Start of DATA TO PROCESS
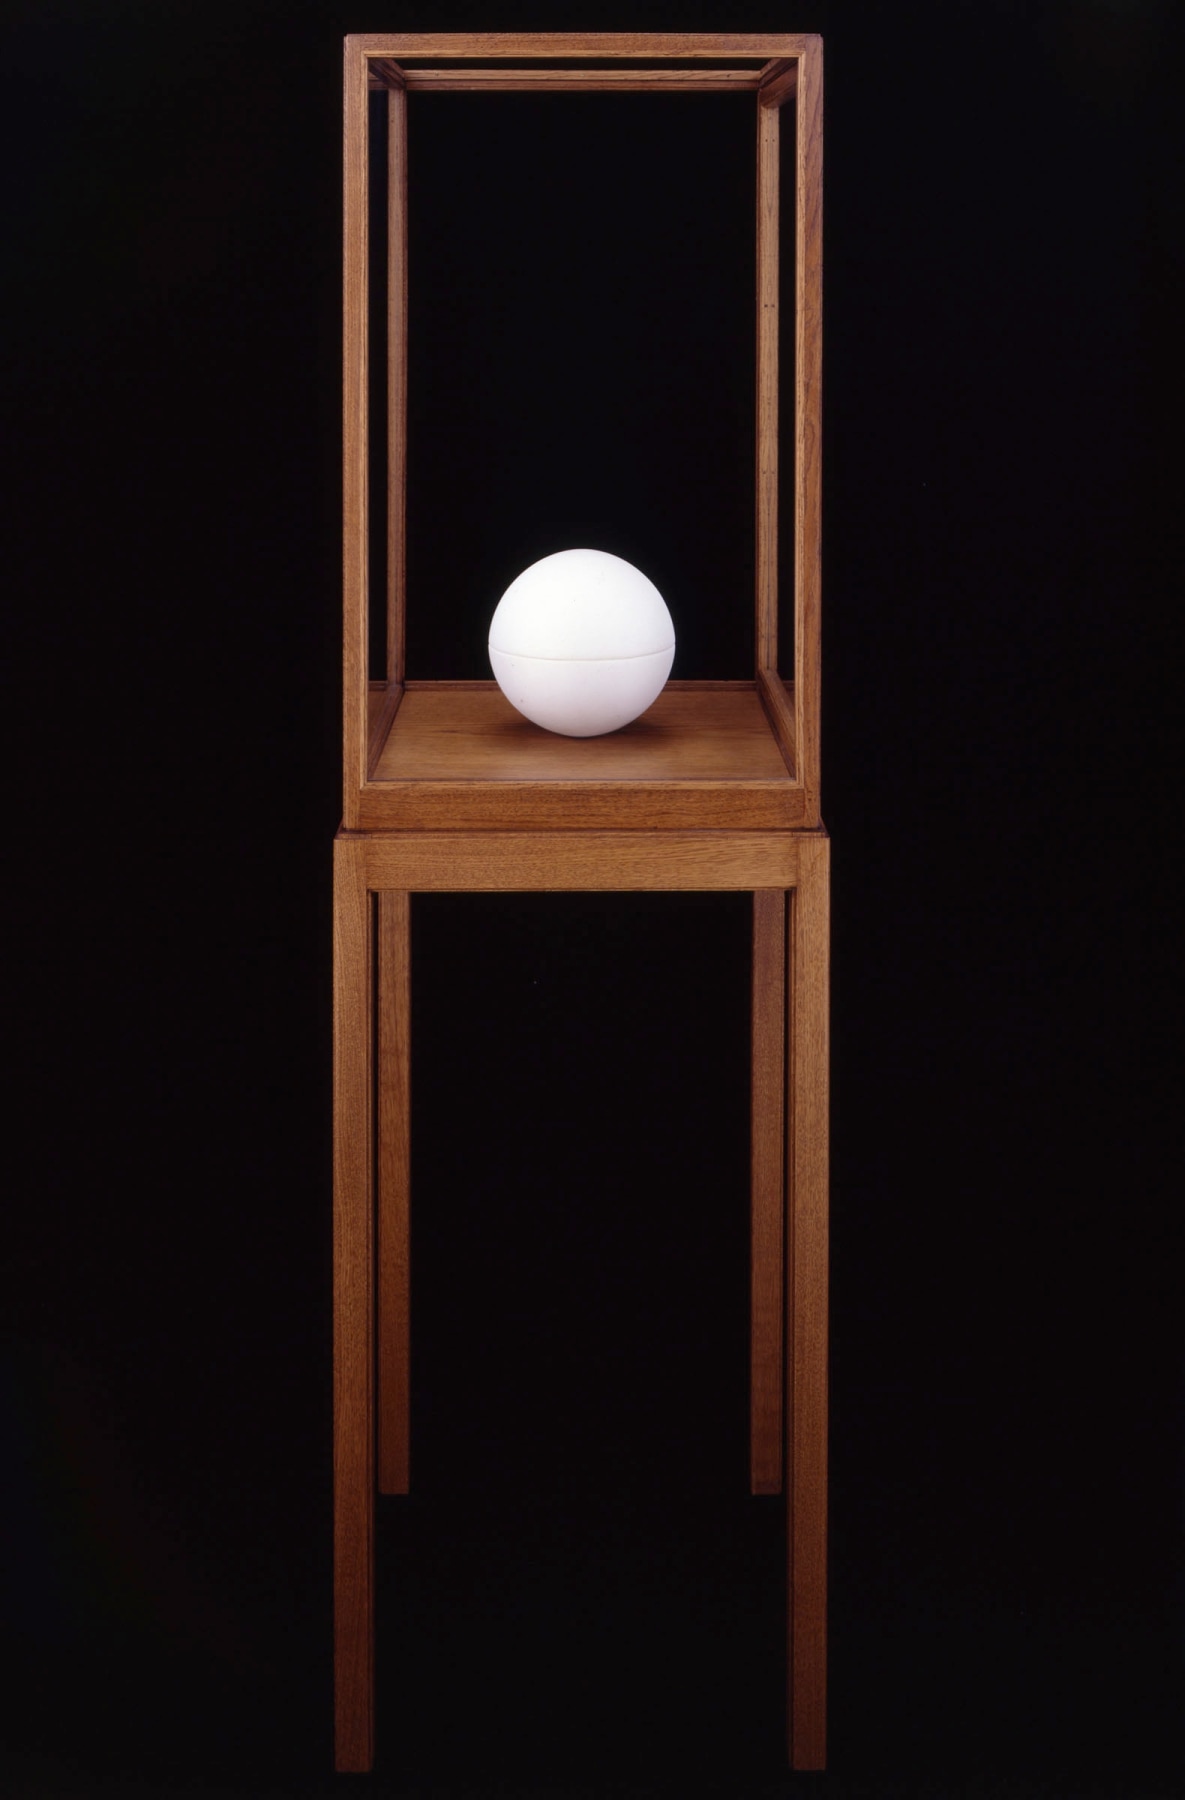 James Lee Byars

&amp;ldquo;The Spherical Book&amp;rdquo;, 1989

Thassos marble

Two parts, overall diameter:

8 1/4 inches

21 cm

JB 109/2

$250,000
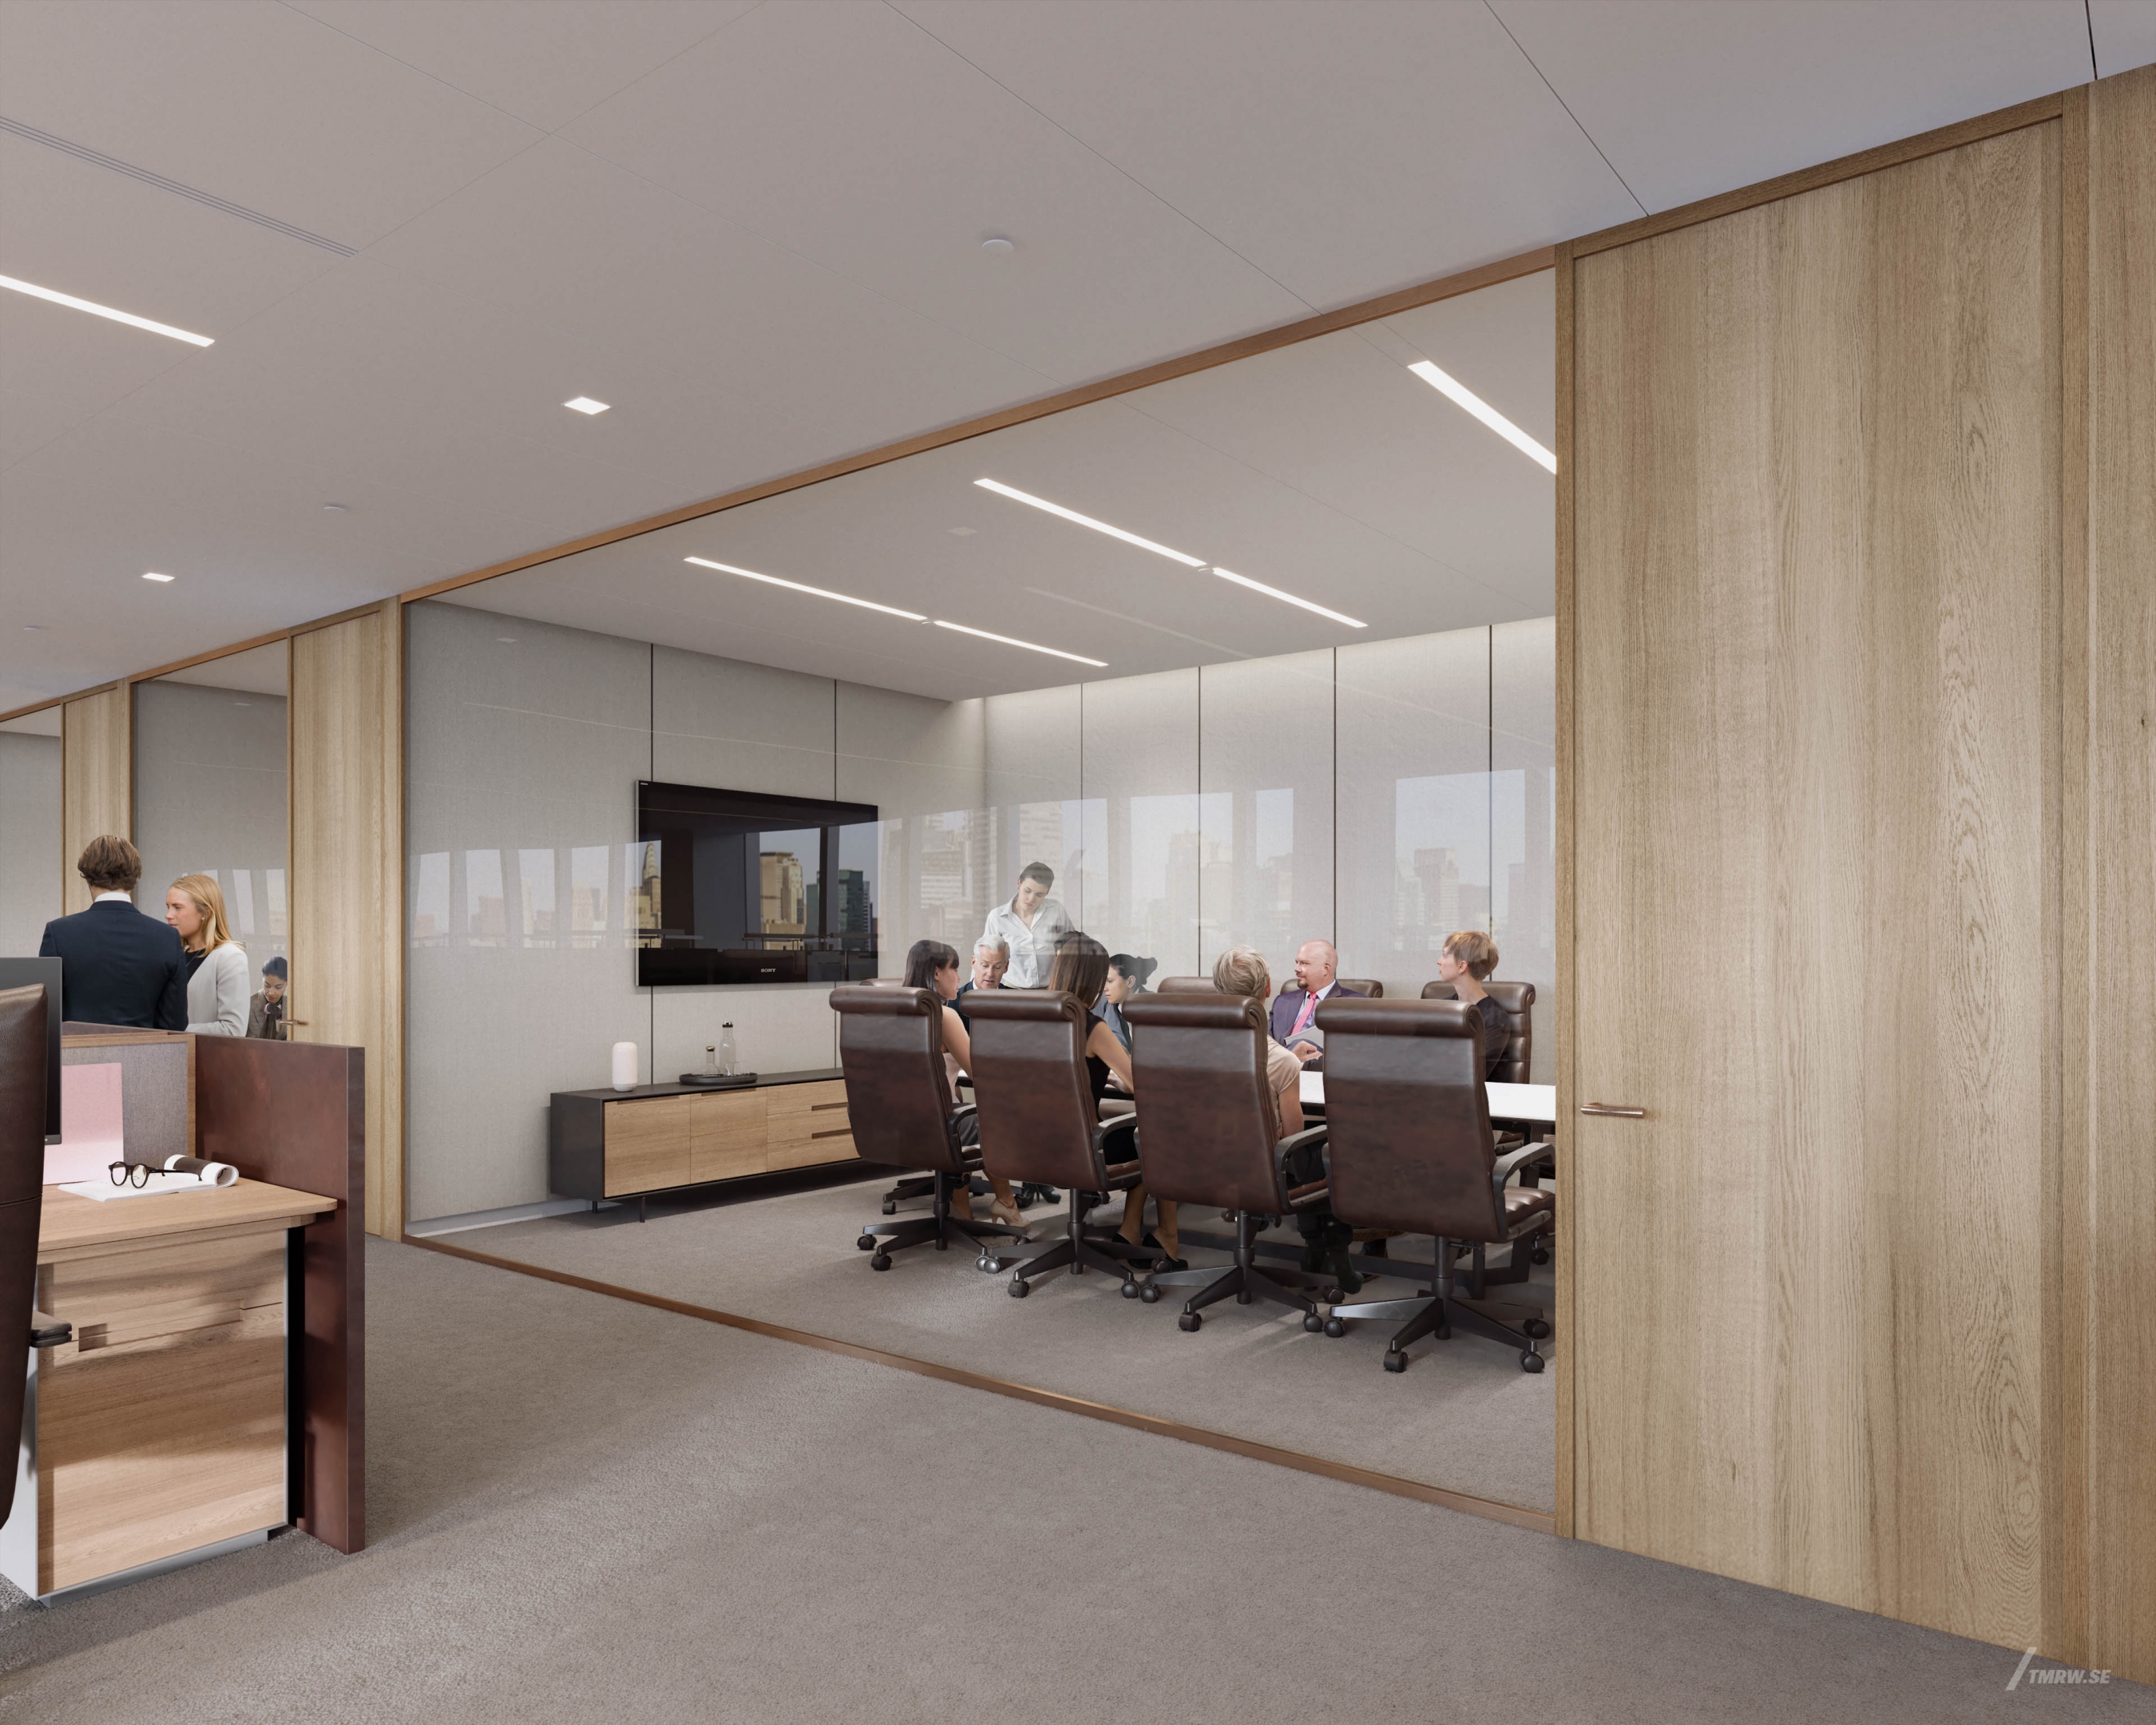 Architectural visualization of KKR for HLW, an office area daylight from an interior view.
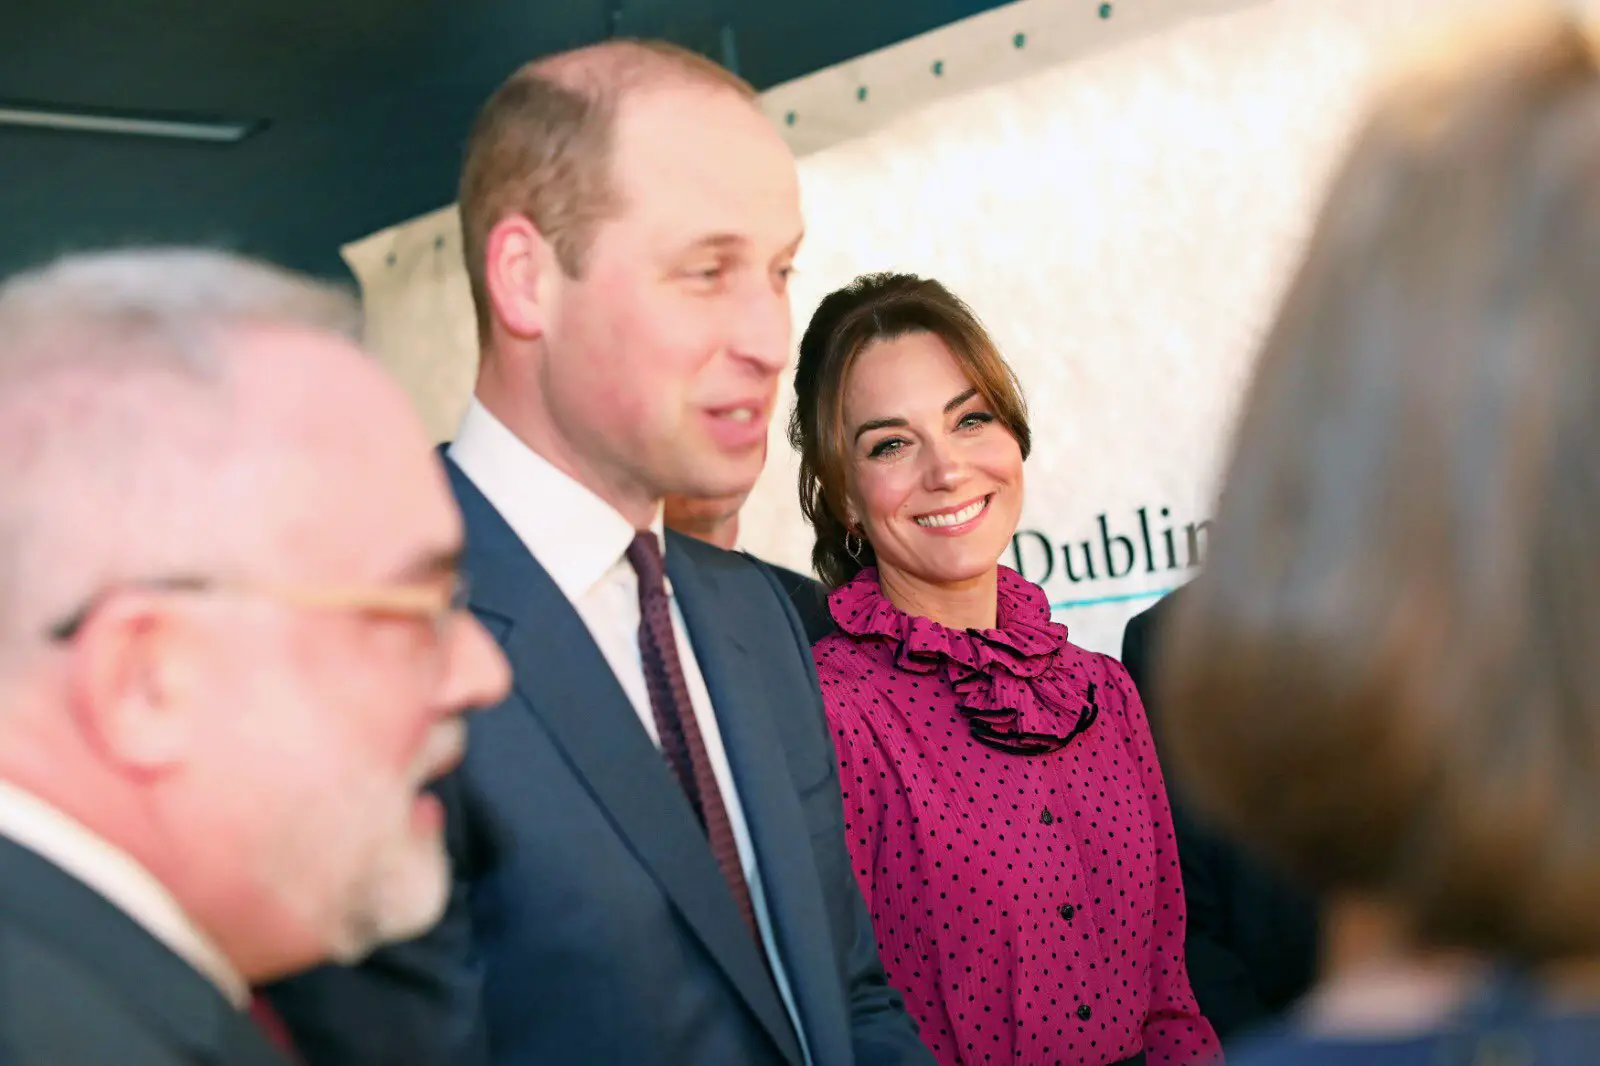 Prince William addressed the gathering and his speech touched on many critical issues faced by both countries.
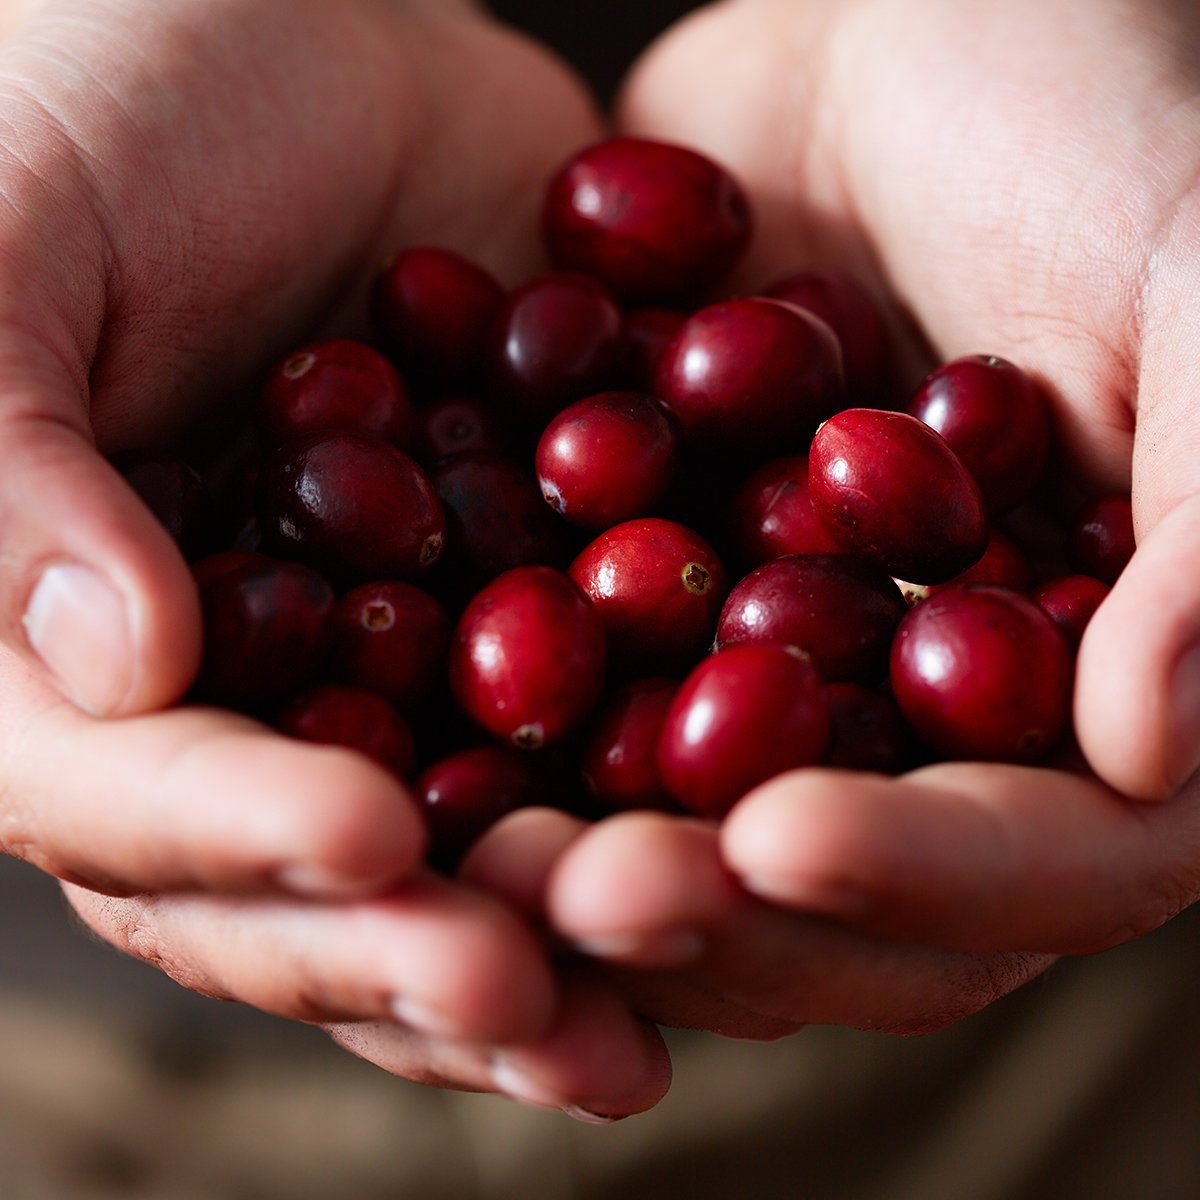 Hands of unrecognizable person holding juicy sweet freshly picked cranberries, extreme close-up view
End of DATA TO PROCESS
ABOUT THIS TASK: Every line of the material above must be written out exactly, with no pictures.

EXERCISE RESULT:
 James Lee Byars

&amp;ldquo;The Spherical Book&amp;rdquo;, 1989

Thassos marble

Two parts, overall diameter:

8 1/4 inches

21 cm

JB 109/2

$250,000
 Architectural visualization of KKR for HLW, an office area daylight from an interior view.
 Prince William addressed the gathering and his speech touched on many critical issues faced by both countries.
 Hands of unrecognizable person holding juicy sweet freshly picked cranberries, extreme close-up view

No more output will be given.